Jeanpyer Poëls nous a quittés...

Dans son dernier recueil paru chez Yves Perrine*, aux éditions La Porte, au premier trimestre 2018 :" La mort et la vie se mentent", Jeanpyer écrivait :

     "L'exténué s'éteint ou ne s'éteint
      pas, en l'occurrence.
      S'il survit et dit "Que la survie
      survive", le dire n'est certes pas une
      vraie bêtise."

Cette "remarque" qui vaut pour un poème est porteuse d'espoir, j'espère que vous la comprendrez bien. Elle ne fait pas plus de doutes que les lettres que nous avons pu échanger jusqu'à cette publication, où cette vue sur l'ailleurs se développait à mesure, avec le regret concomitant de ne pouvoir aller plus loin. Chez lui, pas de leurre néanmoins sur les tenants et aboutissants d'un monde d'abord préoccupé à consommer, pour qui la poésie "n'existe pas"  et voué à plus ou moins long terme à s'autodétruire. Amitiés partagées, Daniel Martinez

18/06/2018

Francisco de Quevedo y Villegas (1580-1645)

     Ho de la vie !... Personne qui réponde ?
     A l'aide, ô les antans que j'ai vécus !
     Dans mes années la Fortune a mordu ;
     Les Heures, ma folie les dissimule.


     Quoi ! sans pouvoir savoir où ni comment
     L'âge s'est évanoui et la vigueur !
     Manque la vie, le vécu seul subsiste ;
     Nulle calamité, autour, qui ne m'assiège.


     Hier s'en est allé, Demain n'est pas encore,
     Et Aujourd'hui s'en va sans même s'arrêter :
     Je suis un Fut, un Est, un Sera harassé.


     Dans l'aujourd'hui, l'hier et le demain, j'unis
     Les langes au linceul, et de moi ne demeurent
     Que les successions vives d'un défunt.

 

Francisco de Quevedo
Monuments de la mort
(Traduction Claude Esteban, Paris, Deyrolle, 1992)

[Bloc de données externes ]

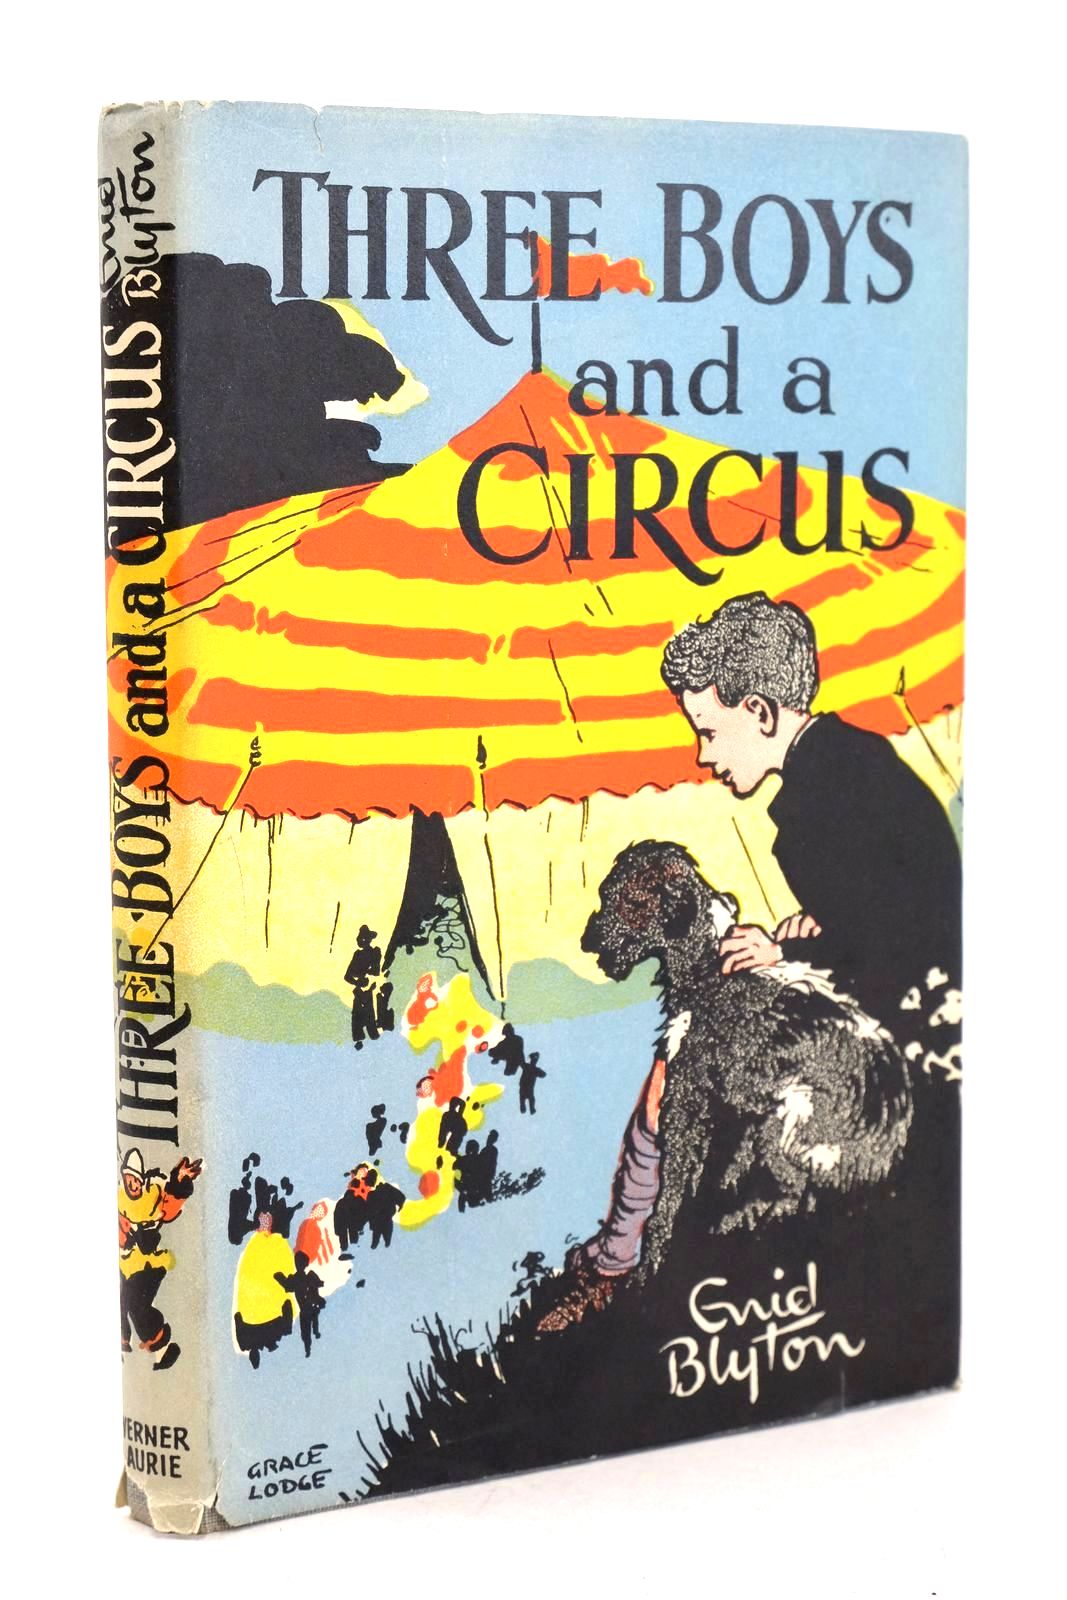 Photo of THREE BOYS AND A CIRCUS written by Blyton, Enid illustrated by Lodge, Grace published by Werner Laurie (STOCK CODE: 1326777)  for sale by Stella & Rose's Books

10:15 Publié dans Hommage | Lien permanent | Commentaires (0)

16/06/2018

Jeanpyer Poëls nous a quittés...

La lettre que je reçois d'un de ses anciens élèves, merci de votre lecture, vous pouvez la diffuser, le plus largement possible, à bientôt, Daniel Martinez

Monsieur Martinez,
 
Je viens juste d'apprendre par votre blog le décès de Jeanpyer Poëls. Même si je le savais malade depuis de très nombreuses années et que, par le fait, on a coutume de dire "qu'il faut s'y attendre" cela n'apaise en rien mon chagrin. Je caressais l'espoir de le recroiser peut-être un jour prochain, physiquement. J'ai toujours une  pensée vers lui en passant à proximité de son lieu d'habitation lorsque je rentre de chez ma mère en passant par Orange. 
 
Récemment, je ne voyais pas venir de retour du dernier envoi que je lui avais fait parvenir fin avril : Une petite information, comme j'avais coutume de le faire, qui concernait une exposition personnelle montée dans le cadre du printemps des poètes à la librairie de Tarascon et dont le texte de présentation évoquait la formule d'Hölderlin sur la nécessité d'habiter poétiquement le monde. Pour moi Jeanpyer Poëls a habité et habitera toujours poétiquement ce monde.
 
Aujourd'hui encore à midi, je suis descendu vérifier le courrier. Peut-être qu'un fameux pli griffé de son écriture verte si personnelle est arrivé ?... Aujourd'hui à 15h, je sais que ce retour n'arrivera jamais. Plus jamais ces enveloppes, ces échanges, parfois complexes à déchiffrer, parfois laconiques, toujours comme des clins d’œil... Alors je pleure. Je pleure comme un enfant, comme ça ne m'est pas arrivé depuis des années, et je vous prie de bien vouloir m'excuser de vous adresser ce message plein de larmes. C'est parce que Jeanpyer Poëls m'avait mis en contact avec vous en début d'année, parce que je sais aussi ce qui vous liait, et la peine qui doit être la vôtre, que je me permets spontanément cette "impudeur"...
 
Jeanpyer Poëls était pour moi le professeur que je n'oublierai jamais, un poète d'une grande modestie, un ami...
 
Mes sentiments les meilleurs pour vous Monsieur Martinez,
 
comme il signait : "Bien amiKlement" 

11:59 Publié dans Hommage | Lien permanent | Commentaires (0)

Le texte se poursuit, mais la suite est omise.